Maybe this is what OP meant, but some people do think that AI itself can acquire "wants" in the sense I described - one "AI vs humans" doom scenario is based on it, the one often described using the metaphor with ants - "we don't mind killing ants if we want to build a house where they have their ant hill -> if AI treats us the way we treat ants, we are doomed". I keep asking about this scenario because I do not understand it... unlike the scenario you described; that one is clear.
To try to address the concept you’ve illustrated here, I don’t think I can explain why people have that as a genuine fear, as it’s one I don’t have.
In the same way that I’m not aware of an asteroid currently on a collision course with Earth, therefore I currently have no genuine fear about that possibility. That’s not to say that in the future, an asteroid can’t be a genuine threat, only that there’s not one currently, and I can’t see a path from where we are now to a future that contains threatening asteroids.
In my mind, even the most clever and evil AI is only as dangerous as the agency it has in the world. So until there’s any suggestion that there’s an AI which has agency in the world more than a real life person, I’m no more afraid of an AI than I am of a person.
I feel like we are going to very soon need a video/audio revolution similar to how pgp encryption popped up. We are going to need a way to reasonably prove a video came straight from camera lense to posting without any alteration. Hopefully there will be some app or even hardware signing going on that will only accept direct unedited video or maybe allow a special verification flag only for those posts.
It's not here now but in 10 years it will probably be extremely easy to generate convincing faked by thr masses and thst is when it is going to get really hard to trust anything being real.
We have access to so much computing now, and as that gets bigger and bigger we're going to be seeing our cpus do wilder and wilder things.
So, basically what we need is a personal video DRM. Or something like blackboxed police body cams without possibility to alter the video.
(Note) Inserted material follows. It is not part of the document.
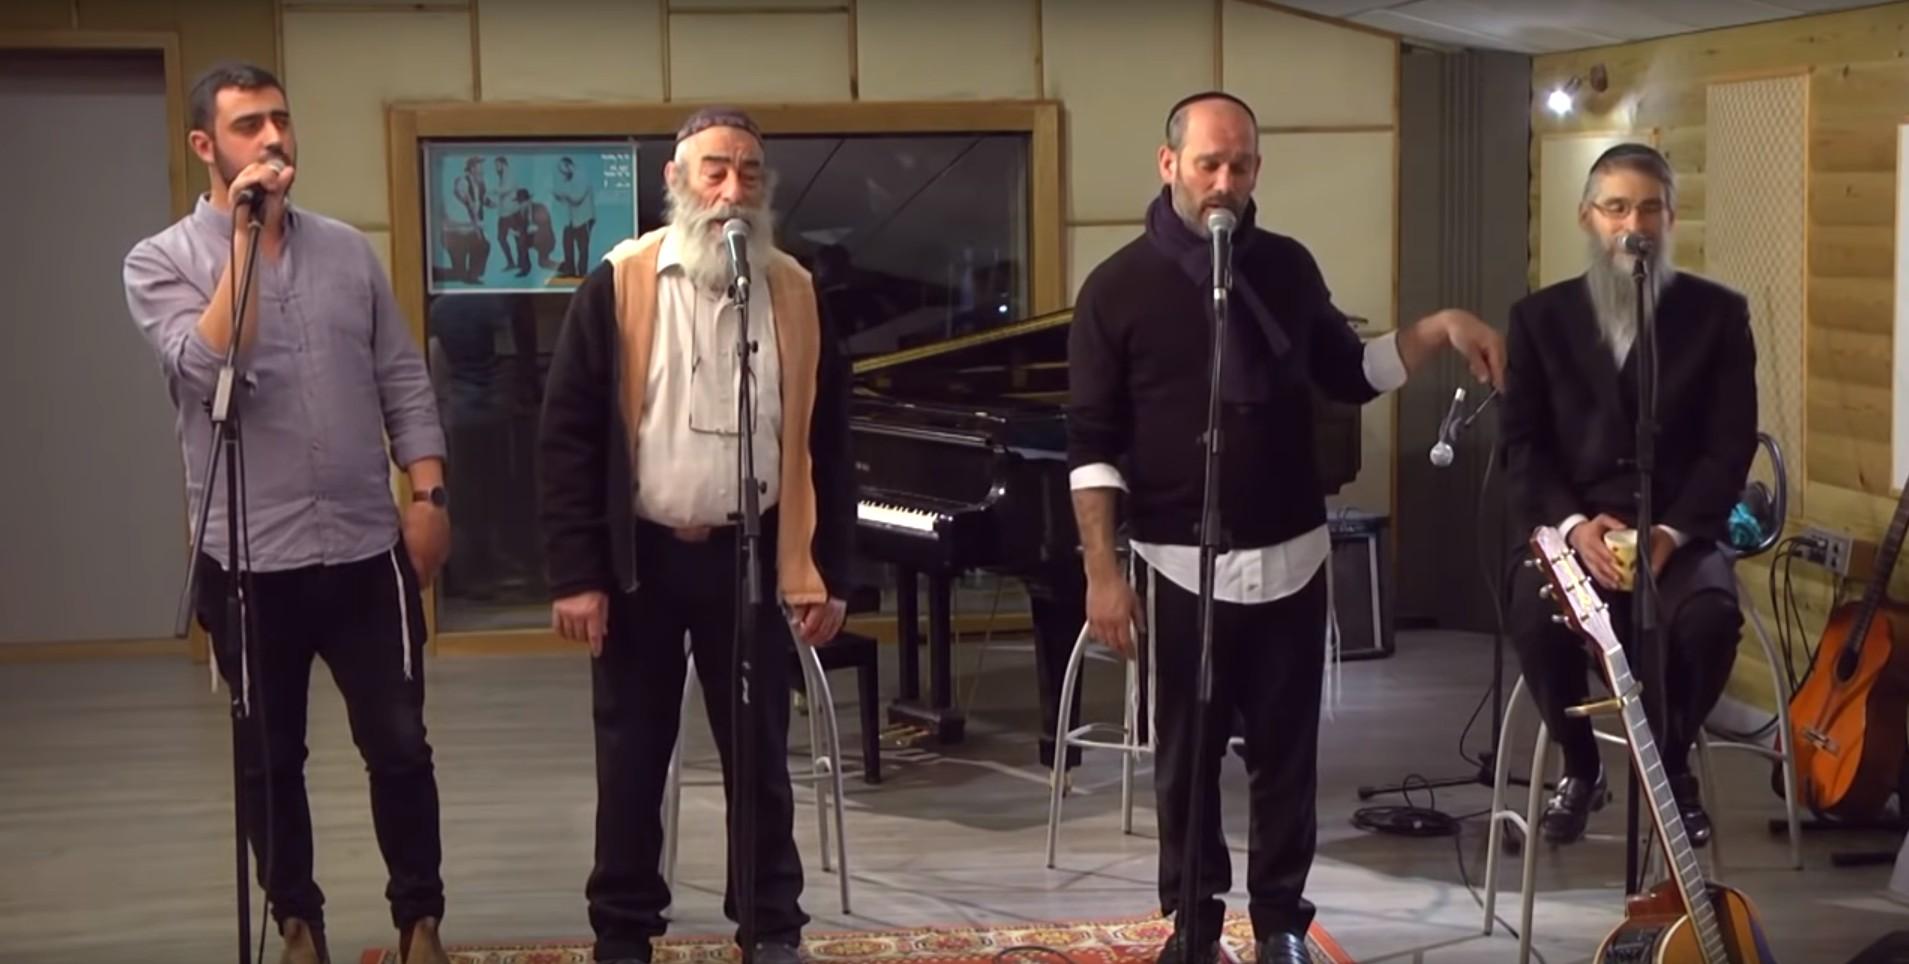 Photo of Avraham Fried, Yonatan Razel, Ishay Ribo & Ariel Zilber Rehearse for Concert

Or maybe something like separate certified camera module with "write-once" memory.
Hopefully it won't be long before personal AI's are developed that tell us if we're being manipulated and whether people are telling us the truth. That bit he mentioned at the end about video and audio, that is scary. We may come to a point where you can't tell what is truth.
Imagine if just before the presidential election a very real looking video went viral showing Biden going on a racist rant while beating a baby with cane followed by secret service agents calming him down as if he had dementia and covering everything up. Video placed in the same area Biden actually was at, while a baby just so happens to have been beaten up by an unknown assailant nearby, just enough truth to give it some credibility. Then that persuaded just enough people to vote against him.